# New Laminate Flooring In Living Room



## handyman78 (Dec 29, 2007)

It didn't link- Here's the message

*Album Not Found*

The link you are using is no longer valid. If this link was sent to you in an email and you would like to view the photos, you will need to contact the album owner and have them share the album using the Gallery's share feature.


----------



## zmurphy (Jun 18, 2007)

Thanks, i thought i did option it to share but i will check again.


----------



## zmurphy (Jun 18, 2007)

Maybe this will work

http://www.kodakgallery.com/I.jsp?c=nwxf050.603izk3s&x=0&y=-1dnf36


----------



## goose134 (Nov 4, 2007)

nice work.


----------



## ACobra289 (May 25, 2007)

Very nice job. Looks great.


----------



## TheSiege (Aug 21, 2007)

did you, or does anyone need to replace the trim if switching from carpet to laminate?


----------



## zmurphy (Jun 18, 2007)

TheSiege said:


> did you, or does anyone need to replace the trim if switching from carpet to laminate?

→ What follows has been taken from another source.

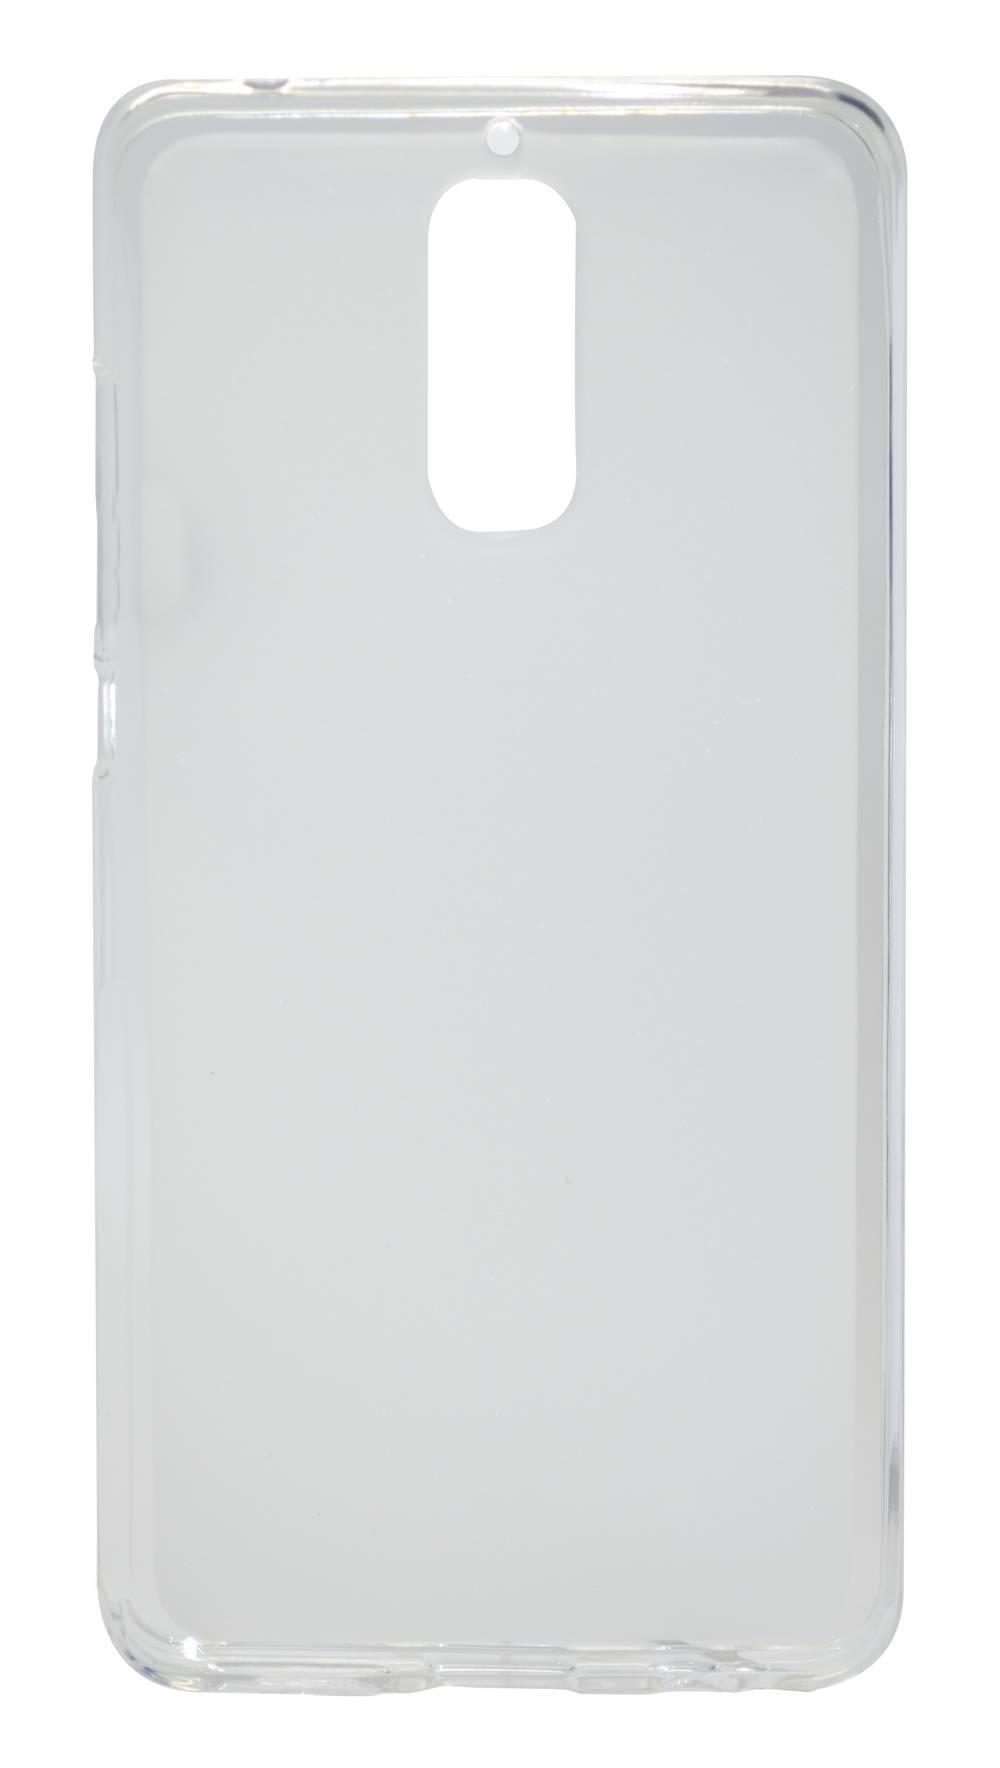 Θήκη TPU Ancus για Huawei Mate 9 Pro Frost - Διάφανη
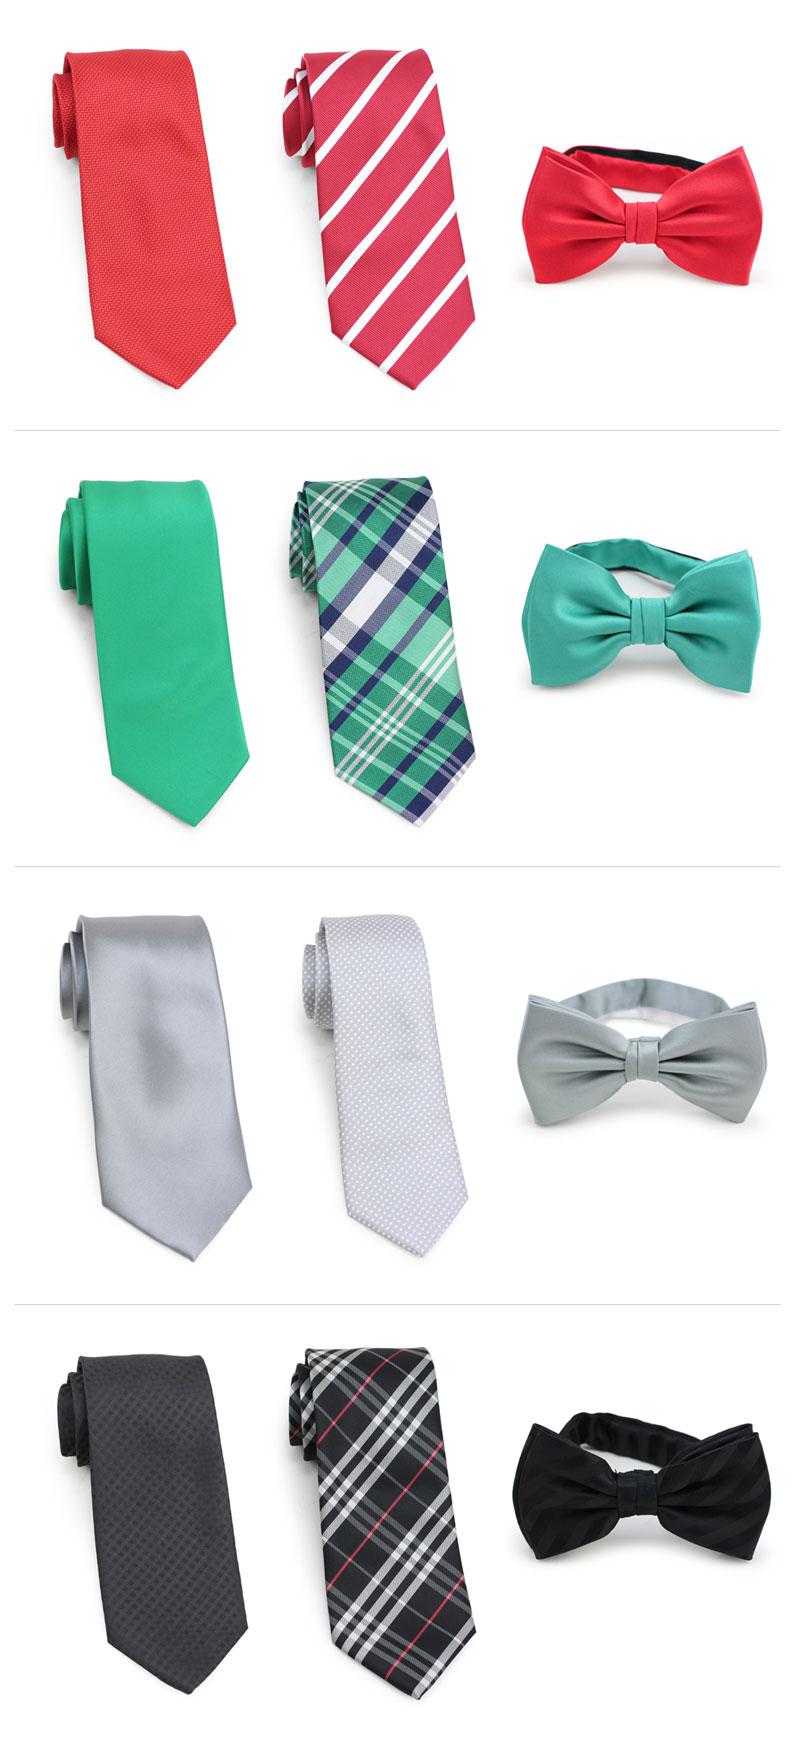 Affordable Neckwear in Bulk: Holiday Menswear

i am assuming your talking about the quarter round/shoe molding. in my house with the carpet in place the was none. that is something i am working on this weekend. but the base molding stays in place and we left a 1/4" of space between the laminate and the base molding.

thanks for the compliments guys, i couldn't be happier with it. now i have several other small projects i have to attempt now. depending on how they turn out, i may post them too. :thumbsup:


----------



## handyman78 (Dec 29, 2007)

:thumbsup: Looks good!


----------



## AndyH (Mar 10, 2008)

good job


----------